I found his gun safe next to a desk in the living room.
Chapter 13
I stood at the end of the pier in White Deer Park. I’d chosen to appear in a soft blue cashmere cowl sweater and white wool slacks and blue heels. But the style and verve of my outfit gave me no comfort. I watched streaks of pink and vermilion and royal blue herald sunrise. This was Adelaide’s oldest park. I’d stood here in 1942 when Bobby Mac was off in basic training at Fort Sill and I wrote him every day and none of us knew what would happen, what could happen. The big black headlines reported battles, the bombardment of Corregidor, the fall of the Philippines. There were Gold Stars in so many windows for the men who would not come home again. I’d stood here in anguish and fear and then hope.

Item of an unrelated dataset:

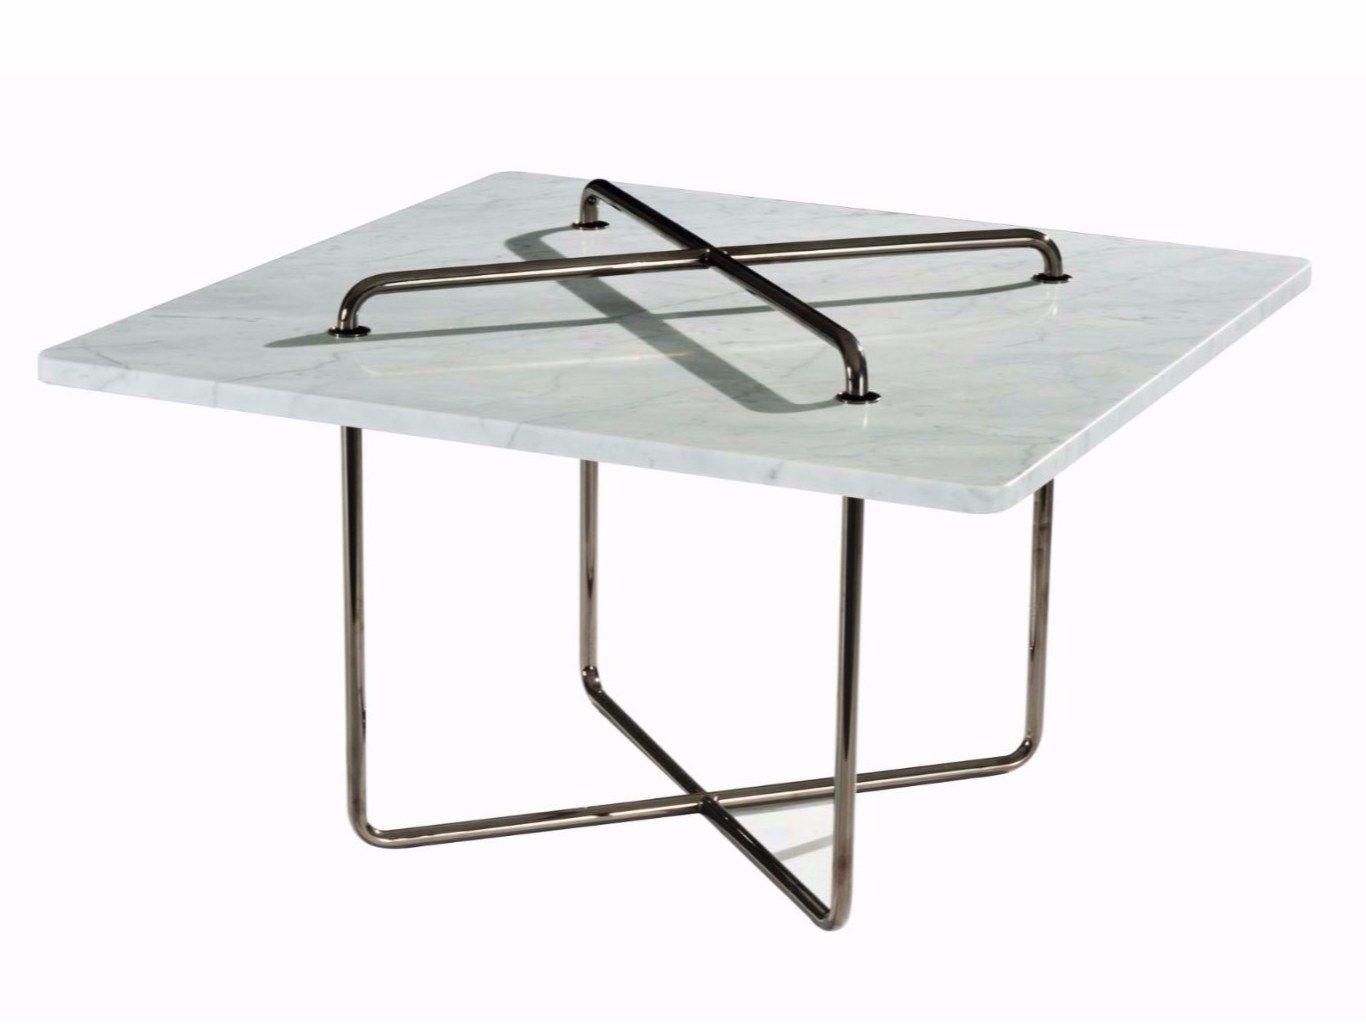 Table basse carr e en marbre button by roche bobois design - Table marbre roche bobois ...

I’d never stood here in defeat.
I’d done my best for Susan Gilbert. I began my quest cocky and confident. I was the late Bailey Ruth Raeburn, forever twenty-seven, red hair bright and shining, green eyes eager and curious, and I was an emissary from the Department of Good Intentions, here to protect the innocent.
The whoo of the Rescue Express blew through me. The engine rumbled. Wheels clacked on the rails. Coal smoke as acrid as a long-ago Pittsburgh steel mill swirled around me. Cinders sparked from the funnel.